1. A prosthetic device for implantation in bone, comprising:
a body portion for attachment to a bone, wherein the body portion includes an implantation surface configured to face the bone upon implantation; and
constraint structure comprising at least one of:
(i) at least one compressive projection projecting from the implantation surface in a lateral direction of the body portion and configured to provide a compressive force between the at least one compressive projection and the bone,
(ii) at least one interlock projection projecting from the implantation surface and having an interlock-projection surface configured to receive bone in a space between the interlock-projection surface and a proximal portion of the implantation surface, and
(iii) at least one recess in the implantation surface and configured to receive bone to constrain the body portion in at least two translational degrees of freedom,
wherein the constraint structure is configured to constrain the prosthetic device in the bone.
2. The prosthetic device of claim 1, wherein the at least one compressive projection is configured to include a bone-engaging surface for engaging the bone and a free surface that does not engage the bone.
3. The prosthetic device of claim 1, comprising at least three compressive projections.
4. The prosthetic device of claim 1, wherein the interlock-projection surface includes a substantially planar portion that projects over and extends at an acute angle relative to the proximal portion of the implantation surface.
5. The prosthetic device of claim 1, wherein the interlock-projection surface includes a substantially arcuate portion that projects over the proximal portion of the implantation surface.
6. The prosthetic device of claim 1, wherein the at least one interlock projection includes an additional interlock-projection surface configured to receive bone in a space between the additional interlock-projection surface and a proximal portion of the implantation surface.

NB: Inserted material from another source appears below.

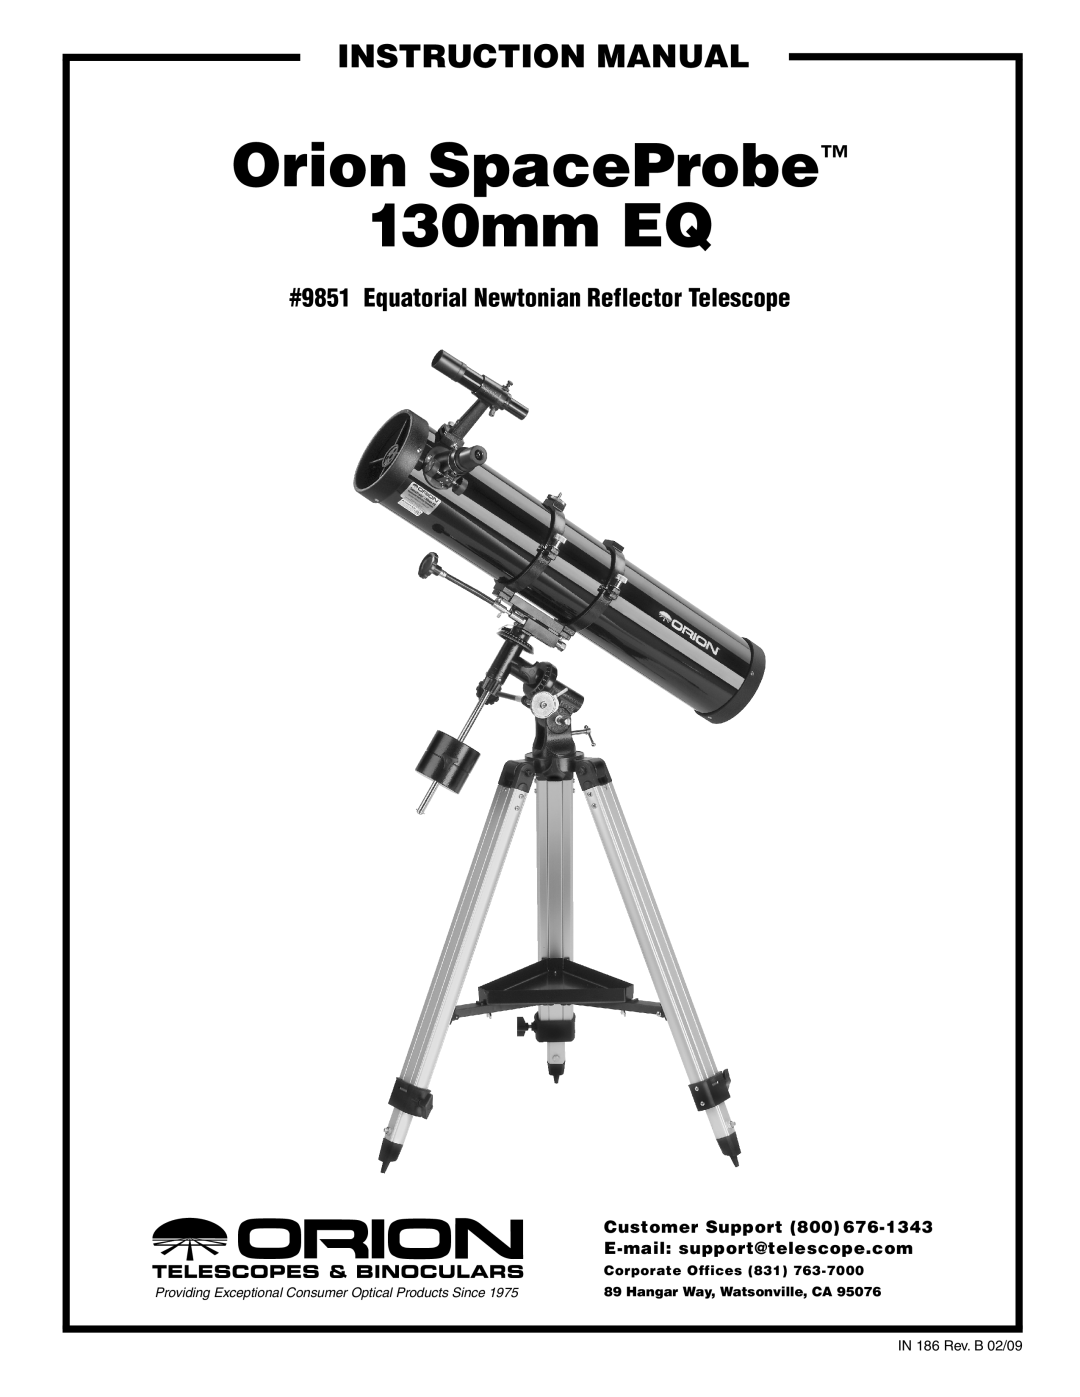 Orion instruction manual #9851, Equatorial Newtonian Reflector Telescope, Customer Support, Orion SpaceProbe, 130mm EQ

7. The prosthetic device of claim 1, wherein the at least one recess includes an inner surface and a recess surface, wherein the recess surface is disposed between the inner surface and a proximal portion of the implantation surface so as to form a space for receiving bone between the recess surface and the inner surface.
8. The prosthetic device of claim 7, wherein the recess surface includes a substantially planar portion that extends at an obtuse angle relative to the proximal portion of the implantation surface.
9. The prosthetic device of claim 7, wherein the recess surface includes a substantially arcuate portion.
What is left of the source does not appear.